Babylon secured a 10-year contract in Rwanda with the government and the local health insurance system

When Babylon, a UK-based digital health group, began operations in Rwanda in 2016, there was already strong interest in the use of artificial intelligence to improve the country’s medical system.

Babylon’s telemedicine service has since registered 2m users across the African nation and handles 3,500 daily consultations. But its progress highlights the constraints and debates around new technology even as multiple providers expand the use of digital healthcare around the world.

While digital tools can potentially support more people affordably and efficiently in stretched healthcare systems, critics have raised concerns about unequal access and say that claims about digital tools such as AI can be overhyped and unproven.

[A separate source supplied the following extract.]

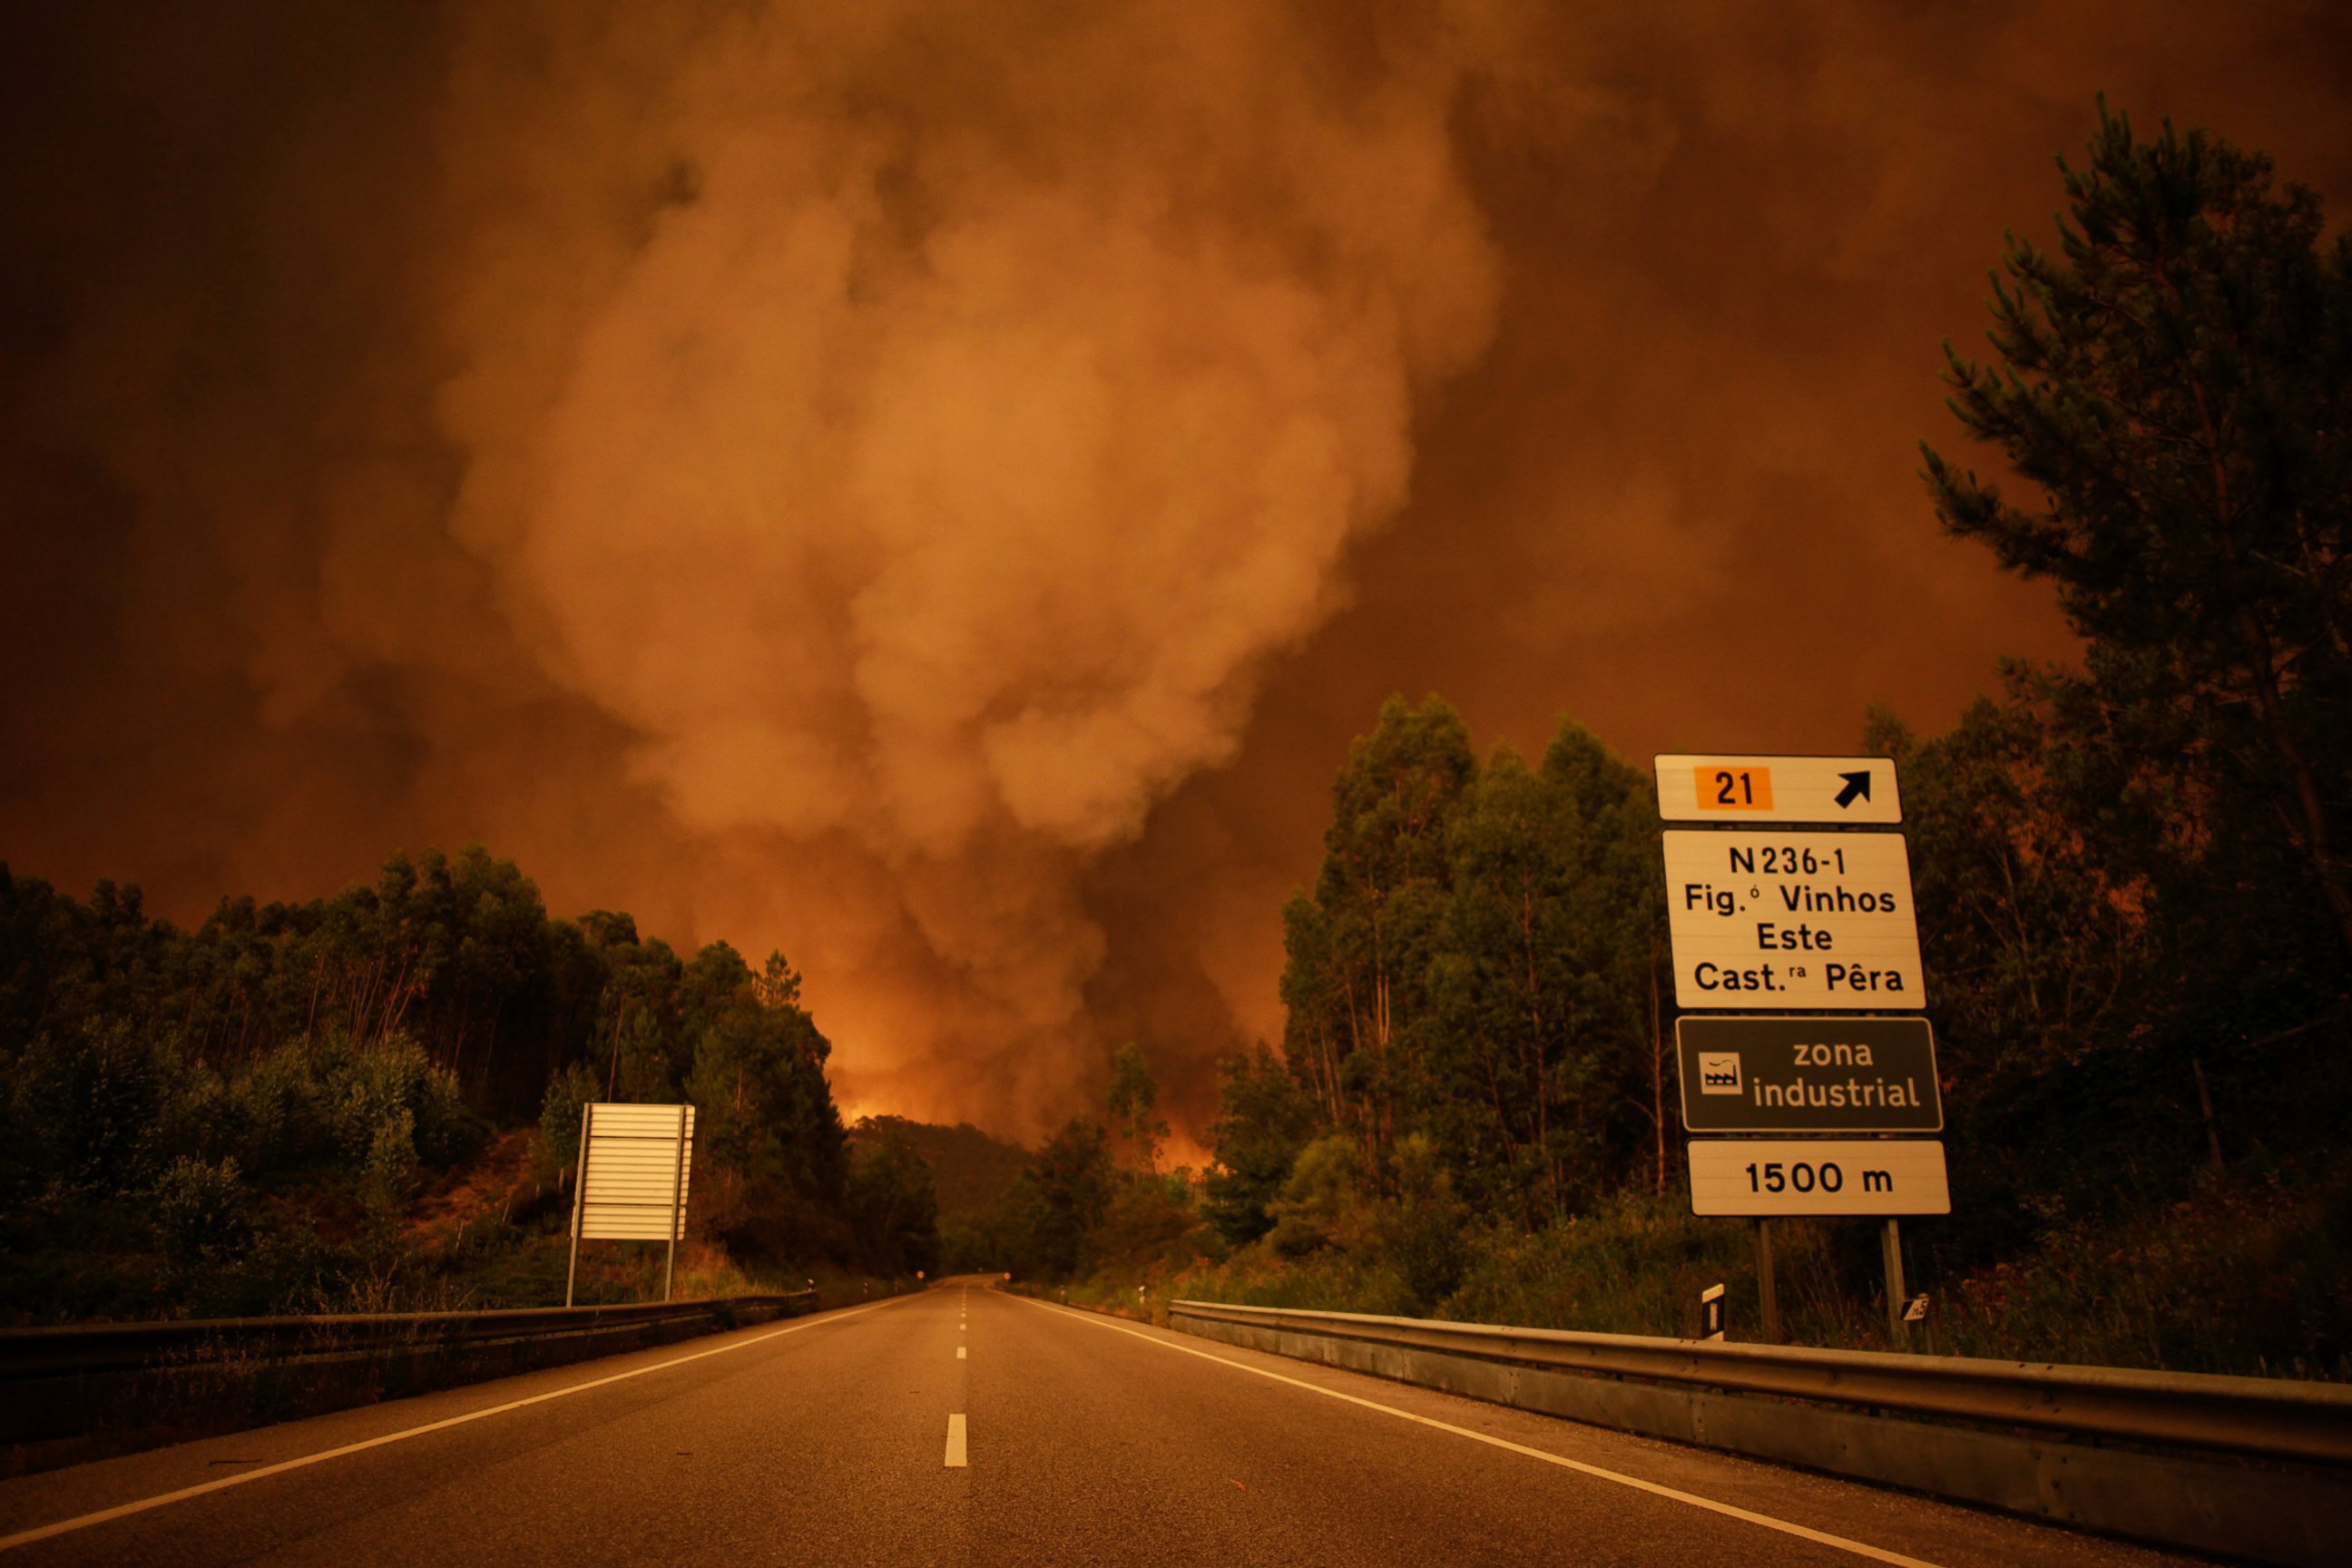 PHOTO: Smoke rises above trees during a forest fire in Pedrogao Grande, Leiria District, Portugal, June 17, 2017. 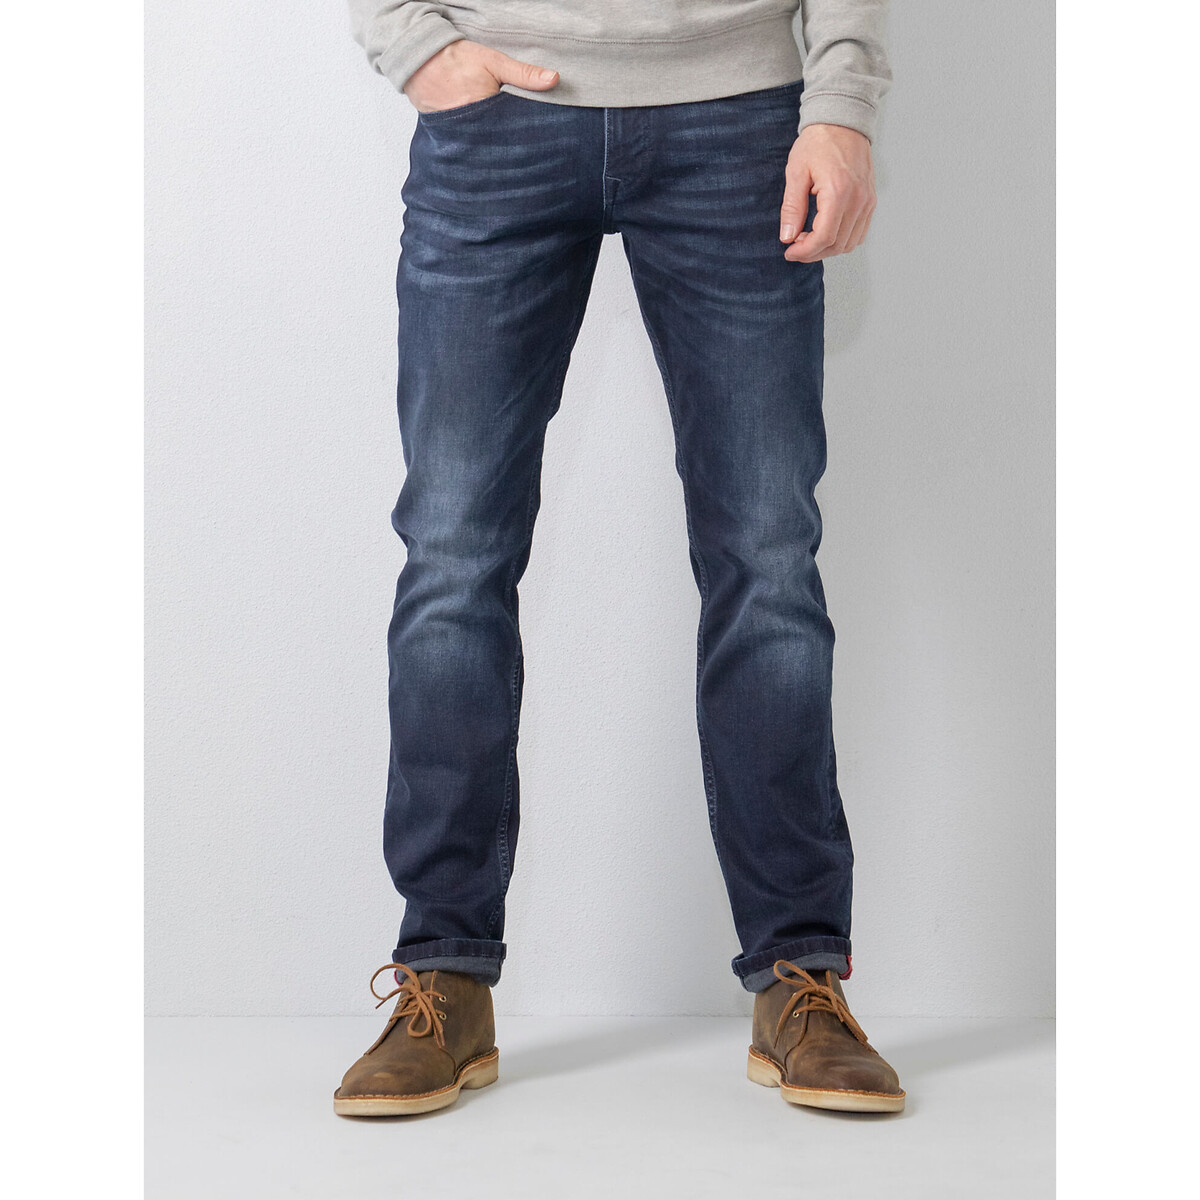 Russel straight jeans, Redoute rise mid Petrol | Industries La stretch

Millions of patients in industrialised nations already use online medical services and apps, and companies are looking further afield for growth. Babylon is scaling up its operations in Africa, Asia and Latin America, while rival Ada Health, headquartered in Germany, is expanding in Tanzania.

Ali Parsa, Babylon founder

“These countries have an opportunity to leapfrog and not make the same mistakes of our [health] systems created over a couple of centuries,” says Ali Parsa, Babylon’s founder, referring to the ability to target prevention rather than costly treatments. “They can focus on keeping their people healthy, rather than investing in sickness.”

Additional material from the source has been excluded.